Dataset:
* * * * * * *
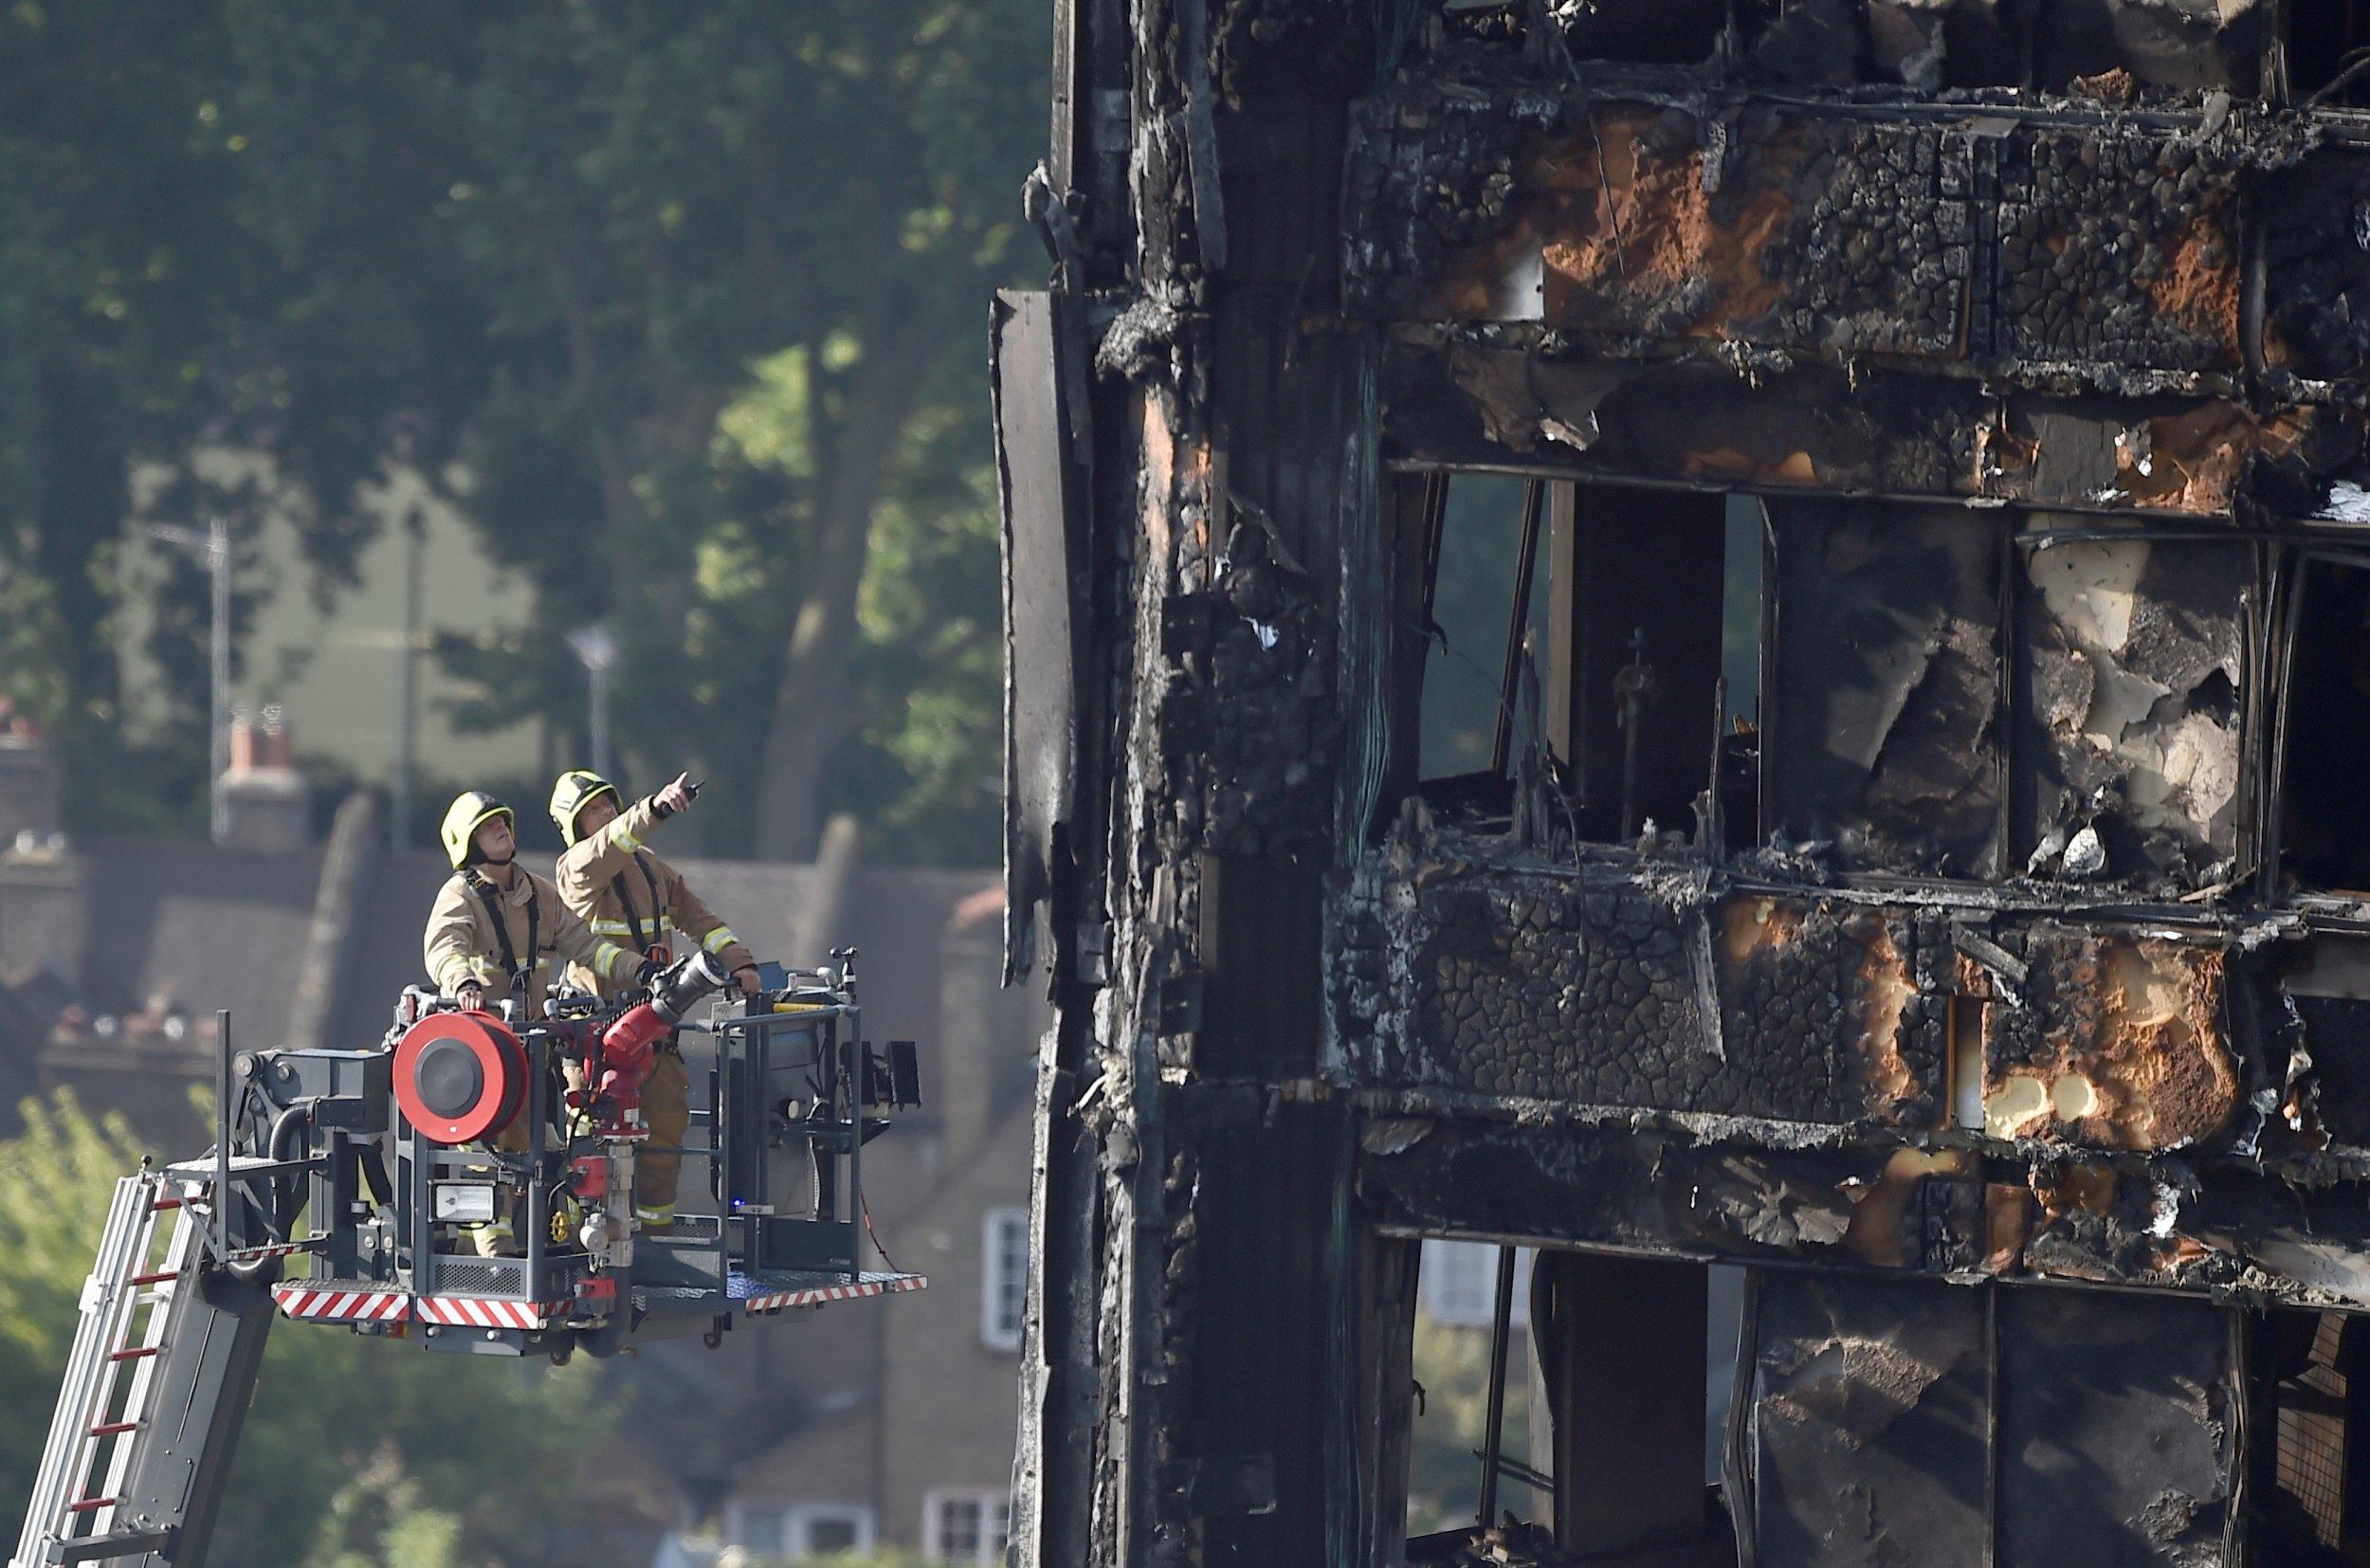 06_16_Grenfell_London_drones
* * * * * * *
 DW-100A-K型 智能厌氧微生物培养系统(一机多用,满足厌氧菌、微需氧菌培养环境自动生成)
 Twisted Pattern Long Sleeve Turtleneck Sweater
* * * * * * *
What this task involves: Using the entries above, give back exactly the line containing "DW-100A-K型 智能厌", the line containing "Twisted Pattern Long", and every line between them, and nothing else.

Written response:
 DW-100A-K型 智能厌氧微生物培养系统(一机多用,满足厌氧菌、微需氧菌培养环境自动生成)
 Twisted Pattern Long Sleeve Turtleneck Sweater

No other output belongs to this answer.